## What the task requires:
From the material below, copy exactly the lines beginning with the one that contains "Пассажирам выдают перчатки" and ending with the one that contains "Michiru no Date Daisakusen 17"; the pictures stay out.

## Supplied information:

****************************************

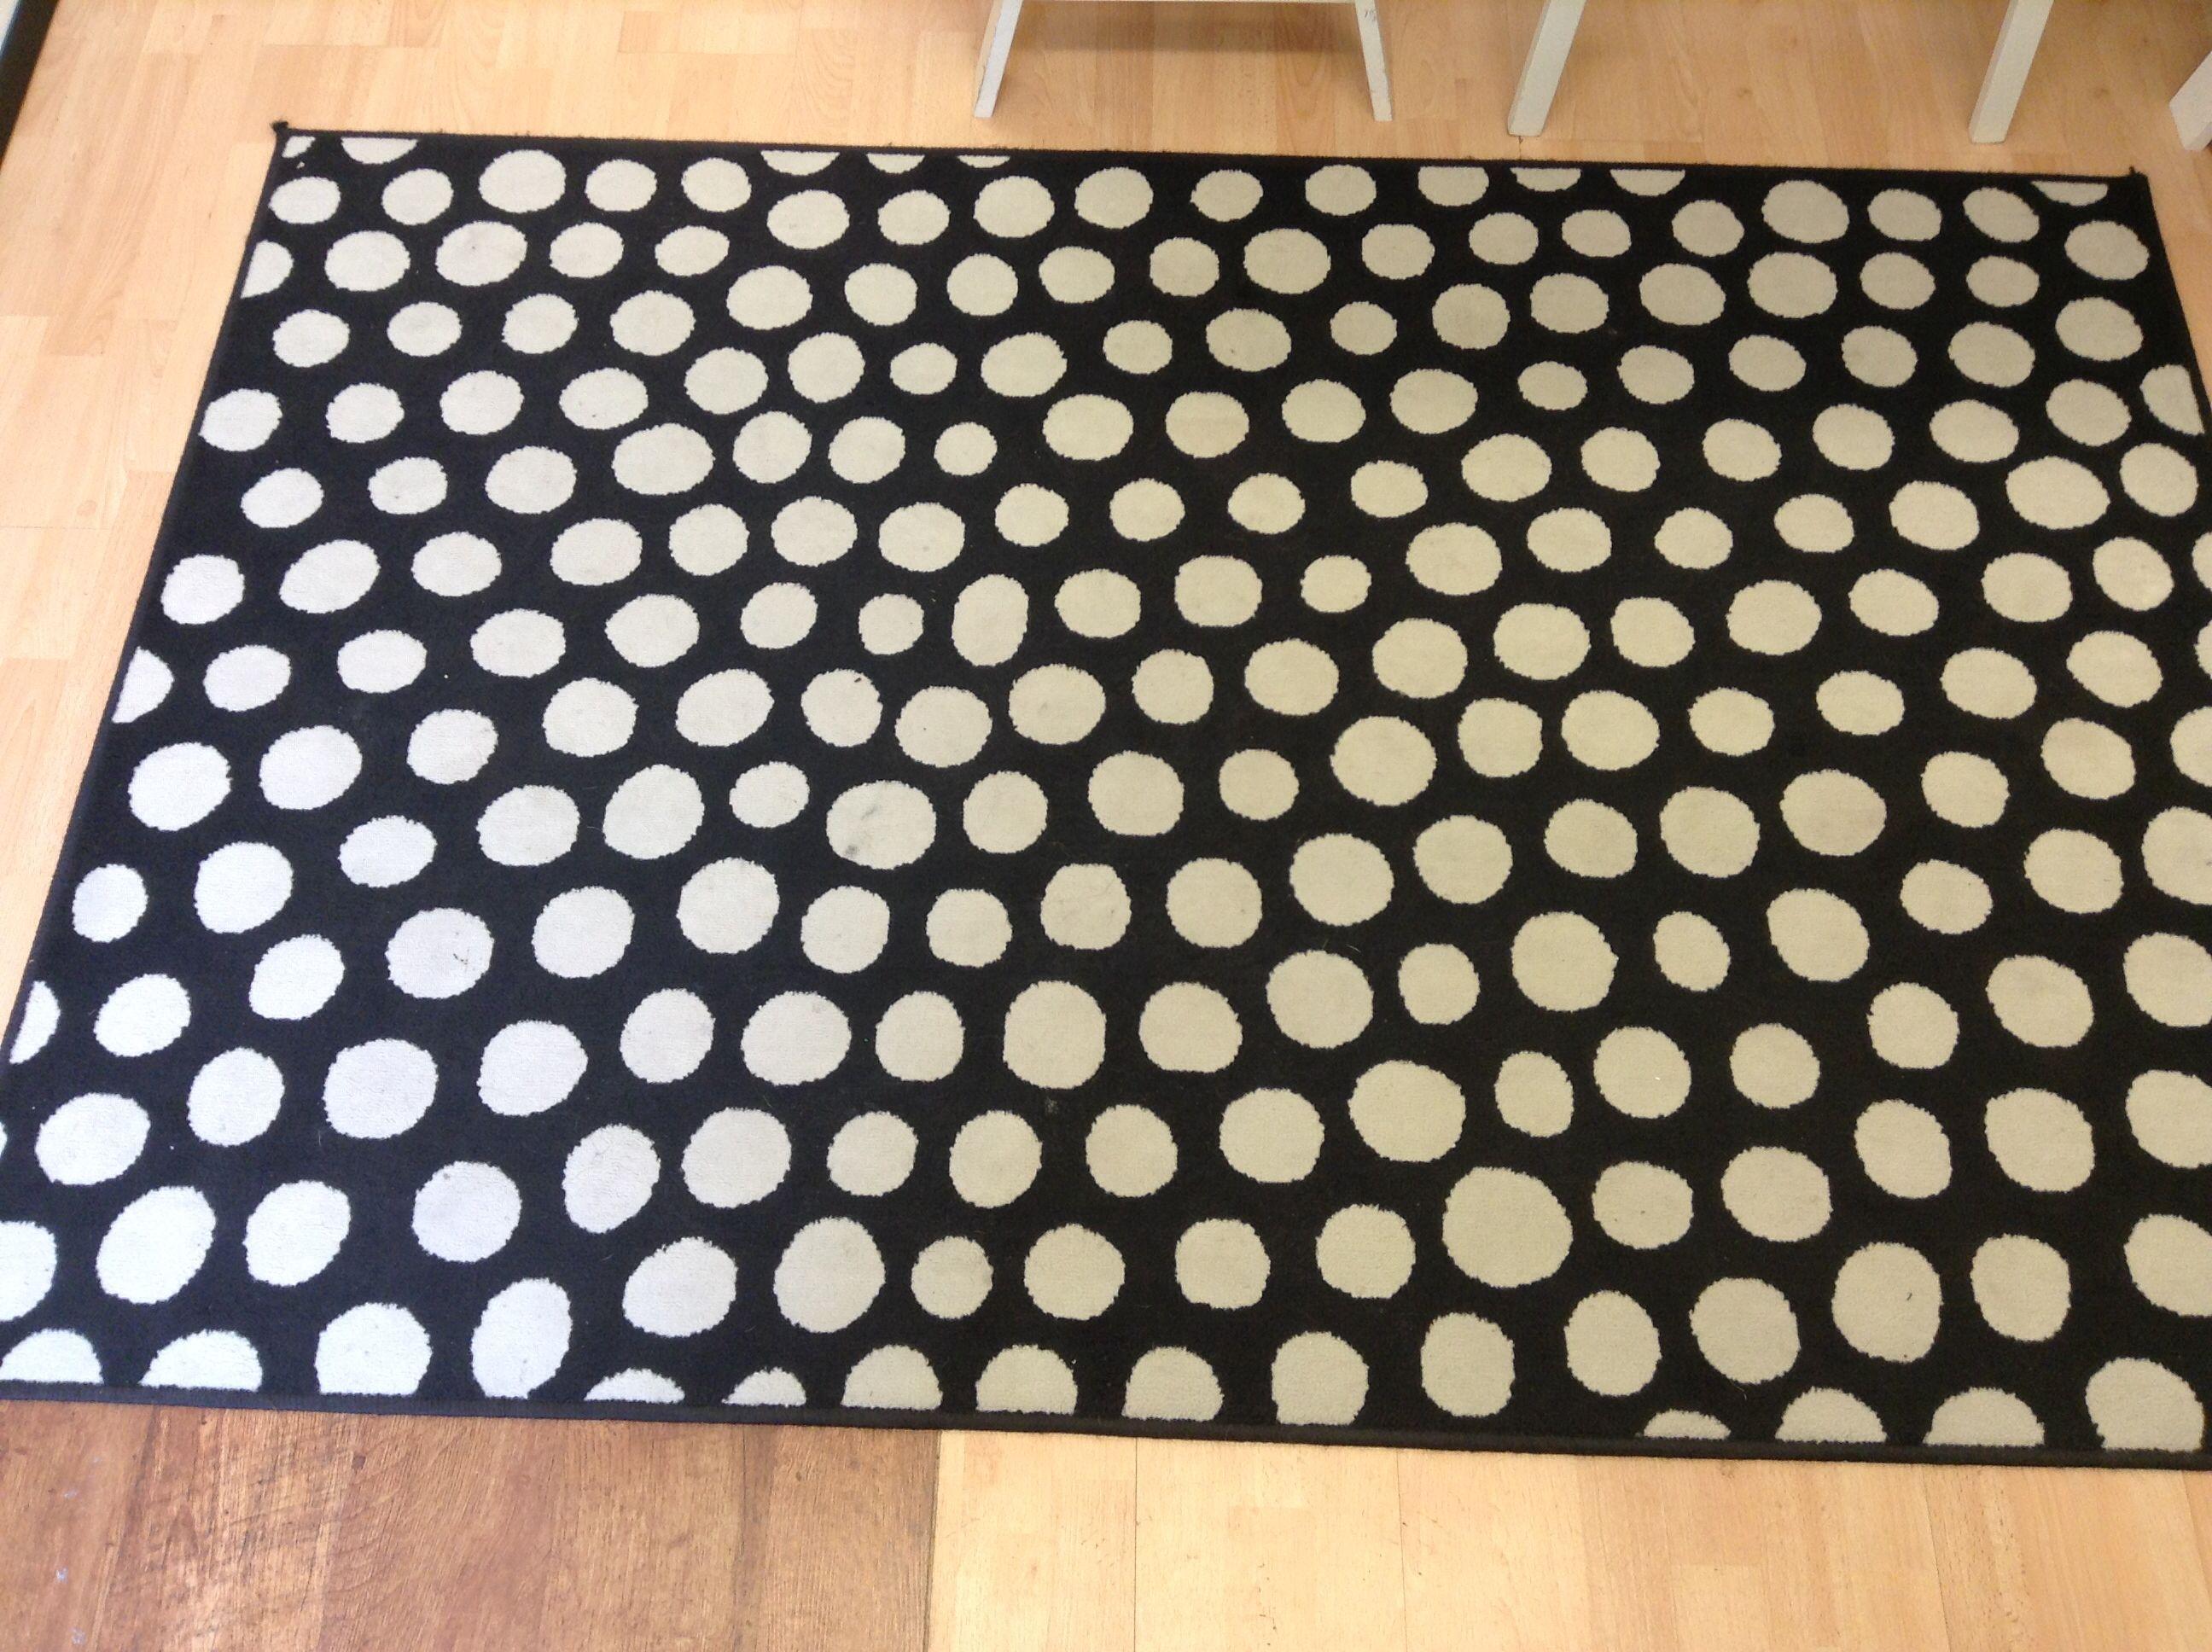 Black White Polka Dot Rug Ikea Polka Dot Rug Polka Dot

****************************************

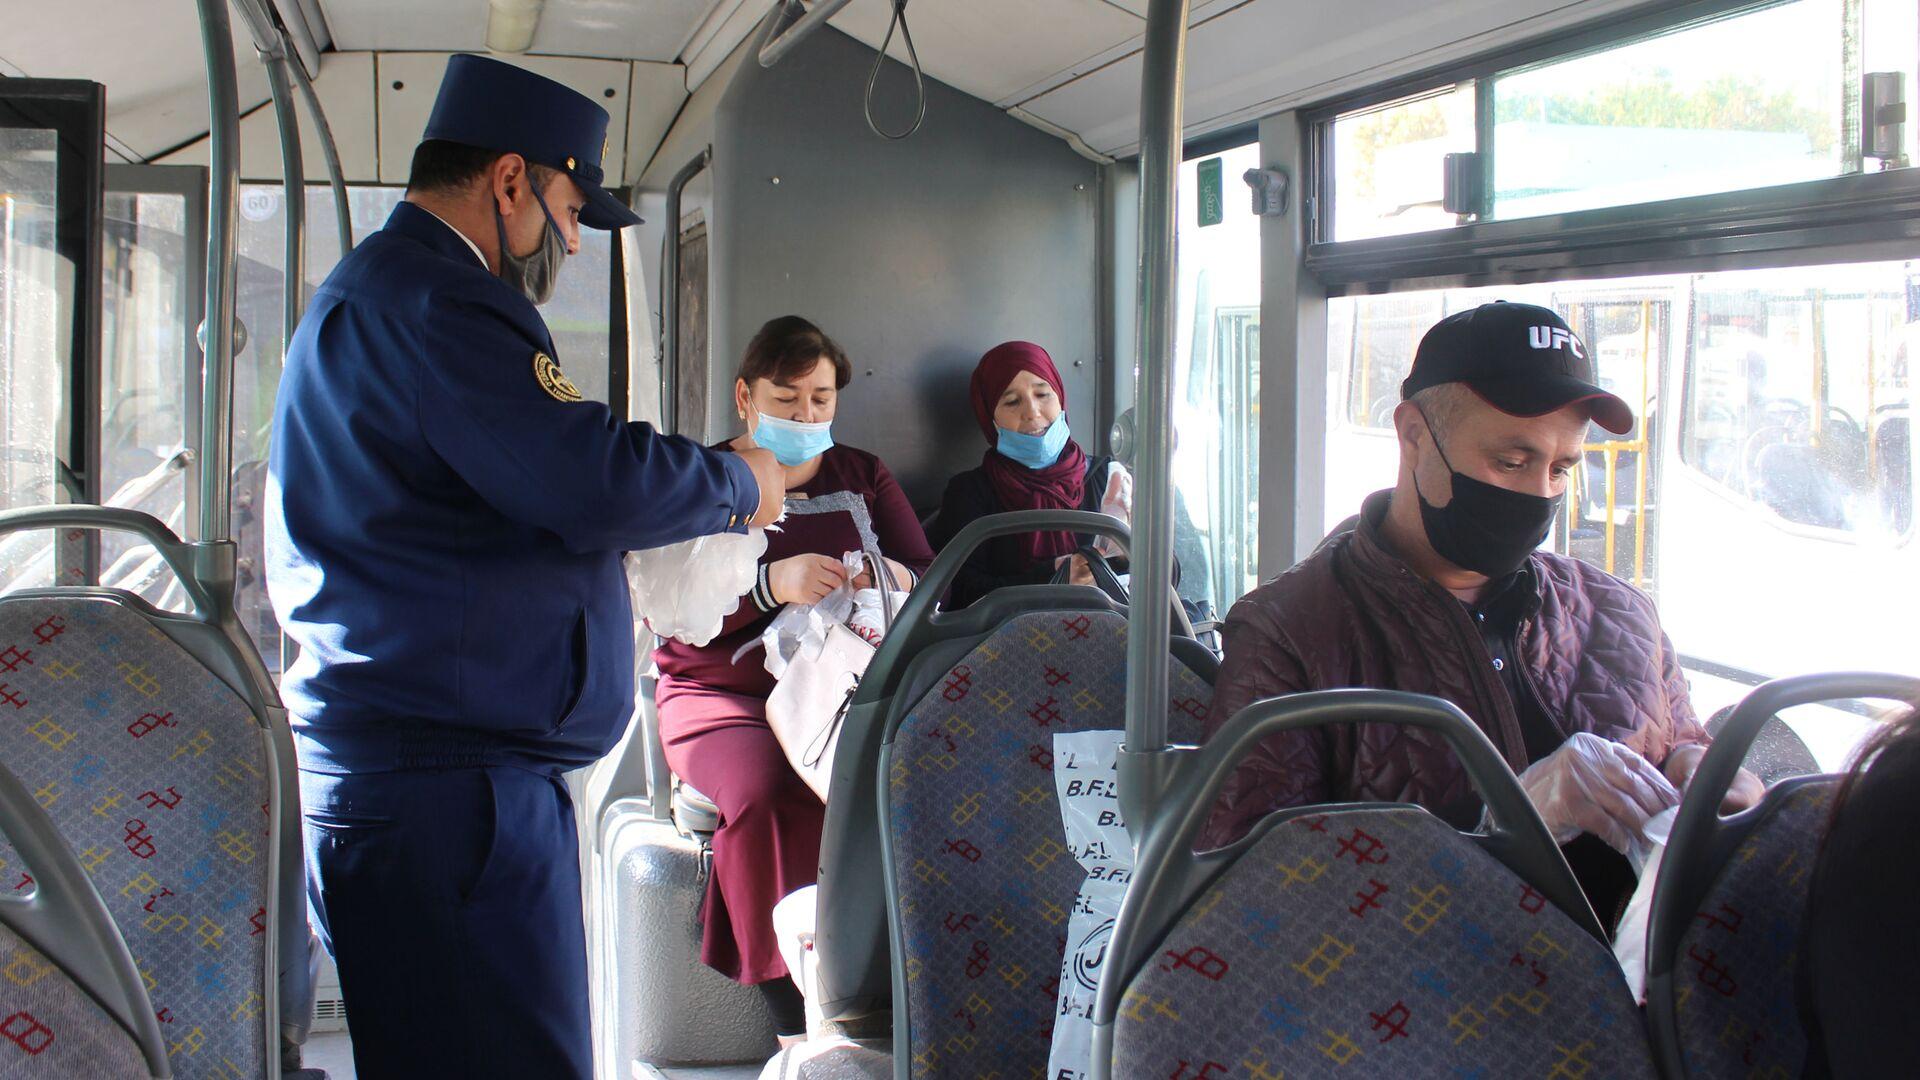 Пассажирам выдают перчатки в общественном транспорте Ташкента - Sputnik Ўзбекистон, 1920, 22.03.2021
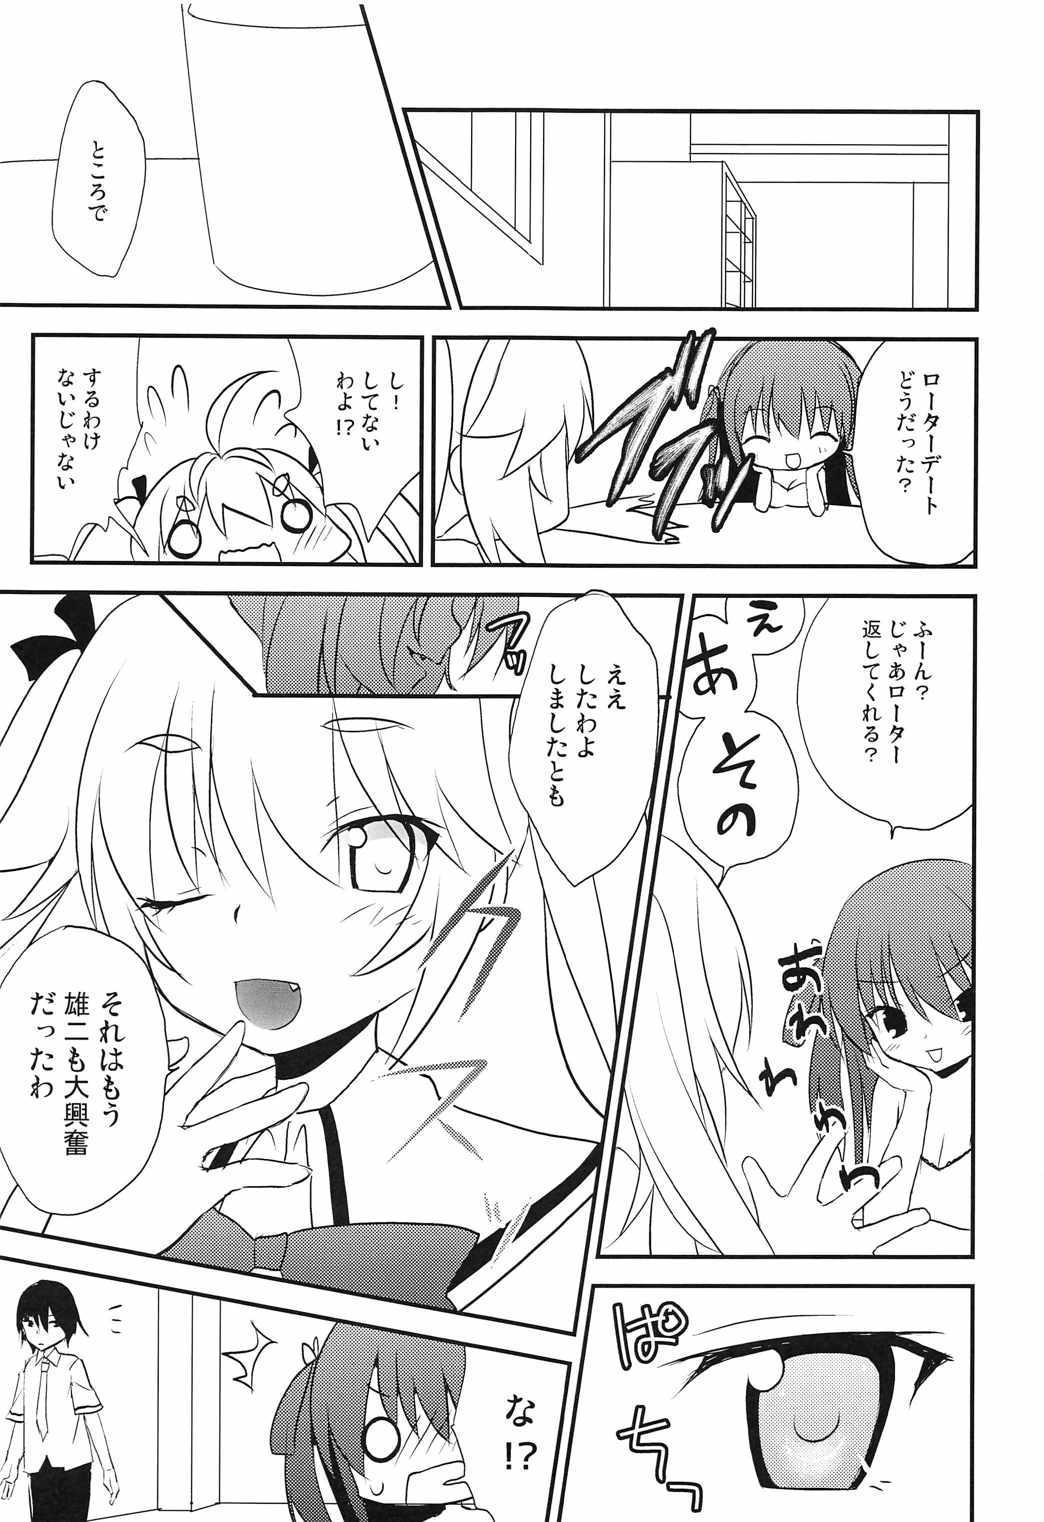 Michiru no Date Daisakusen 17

****************************************

## Solved exercise:
 Пассажирам выдают перчатки в общественном транспорте Ташкента - Sputnik Ўзбекистон, 1920, 22.03.2021
 Michiru no Date Daisakusen 17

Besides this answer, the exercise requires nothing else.